# Task goal:
Leaving out all pictures, write out word for word the lines from the one containing "Carpophhus Stephens ( Coleoptera: Nitidulidae)" to the end of the data below.

# Recorded data:
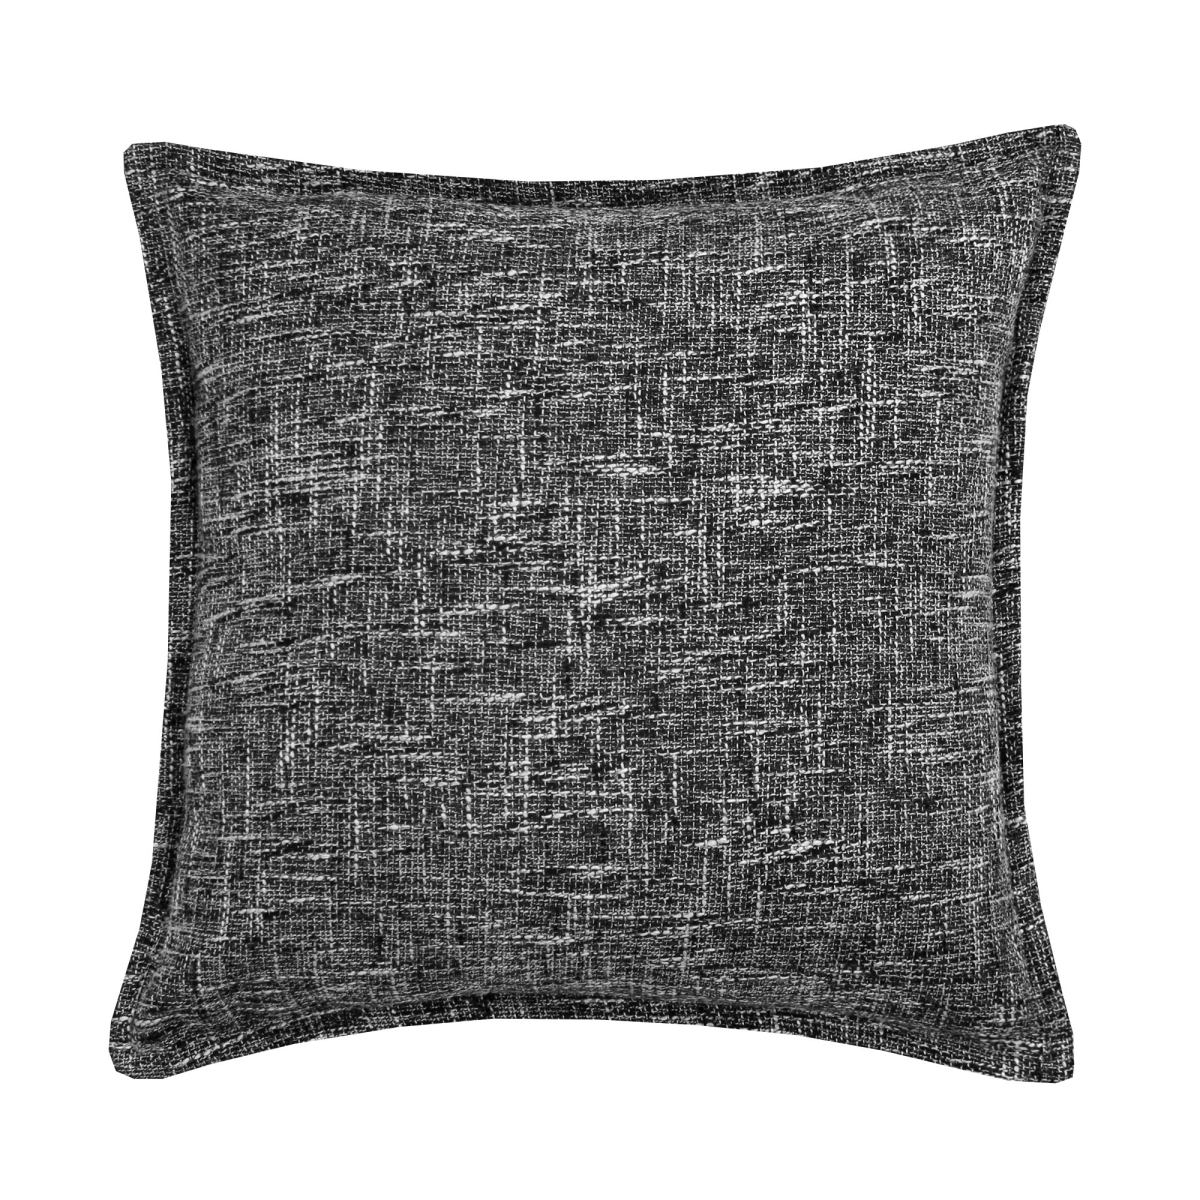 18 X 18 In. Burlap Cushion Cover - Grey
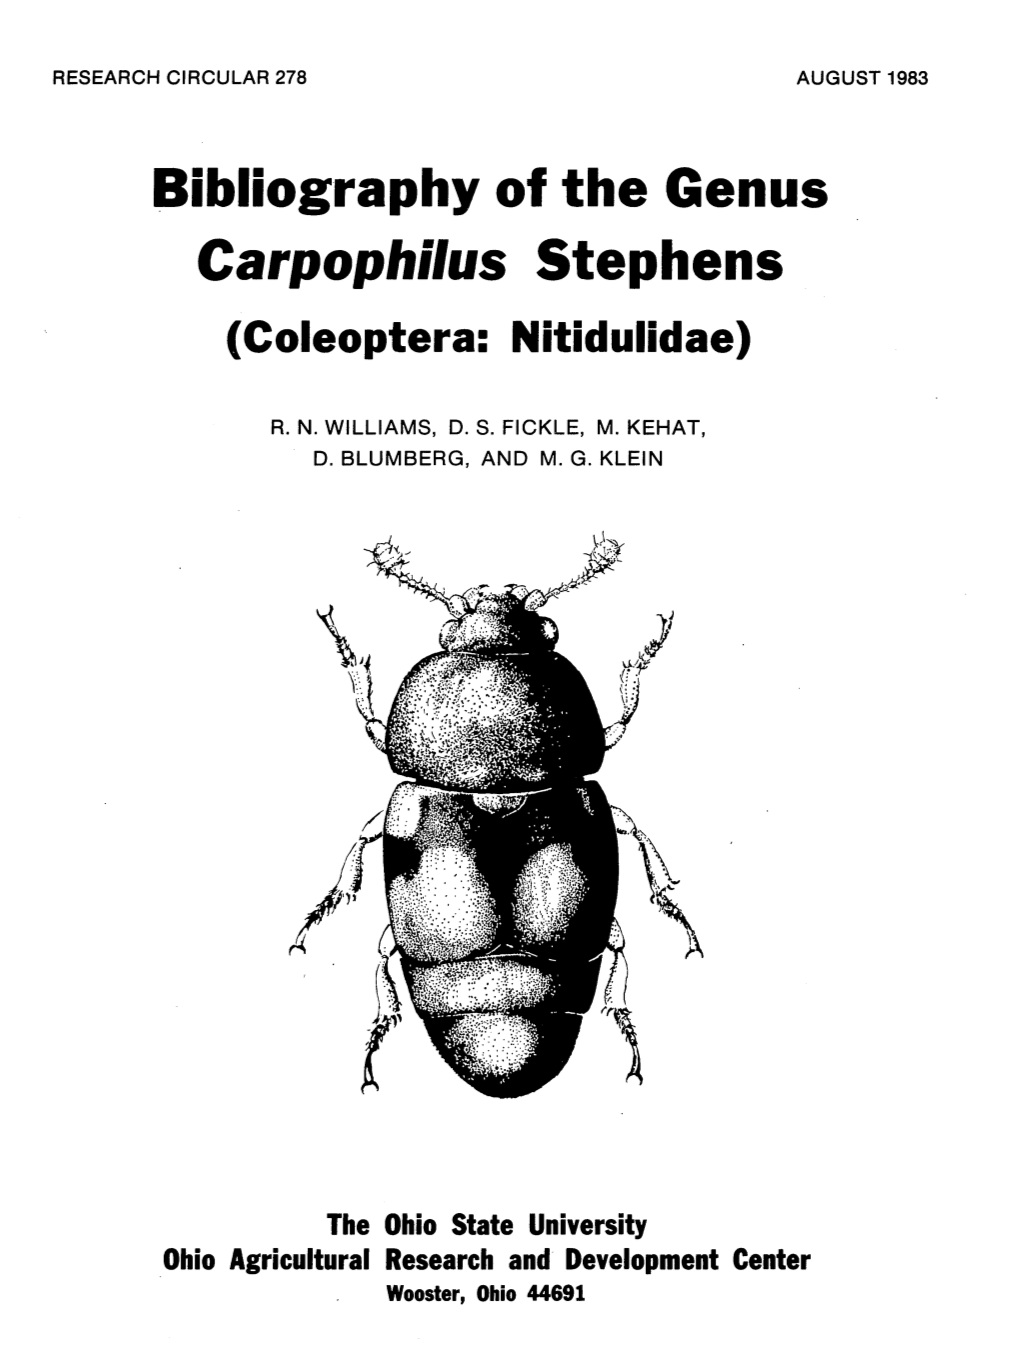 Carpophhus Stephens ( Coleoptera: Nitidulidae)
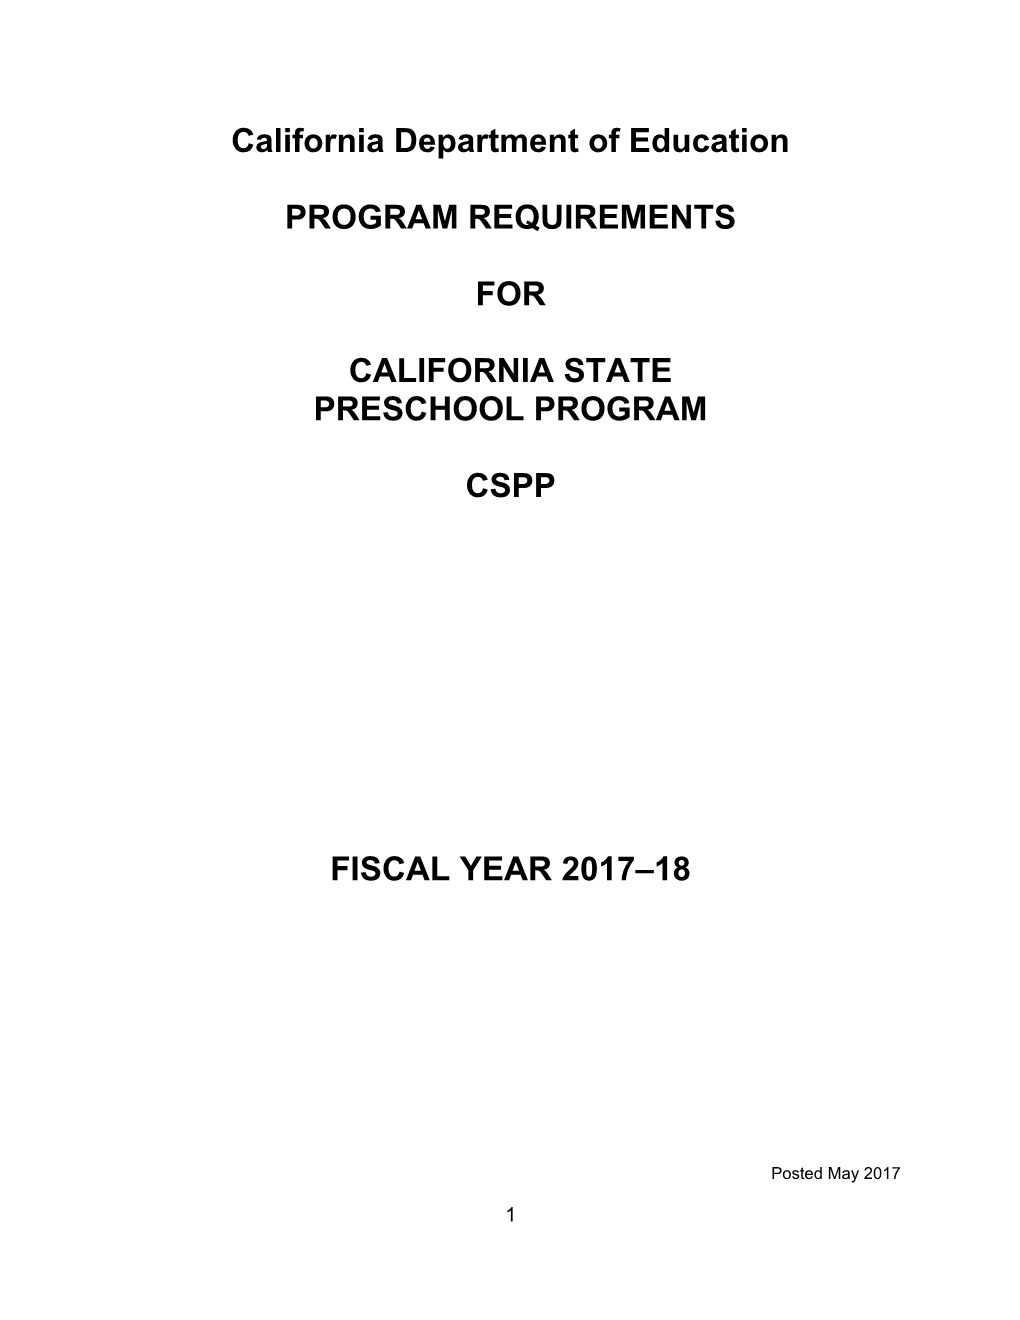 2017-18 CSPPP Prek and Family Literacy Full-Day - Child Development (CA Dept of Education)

# Response:
 Carpophhus Stephens ( Coleoptera: Nitidulidae)
 2017-18 CSPPP Prek and Family Literacy Full-Day - Child Development (CA Dept of Education)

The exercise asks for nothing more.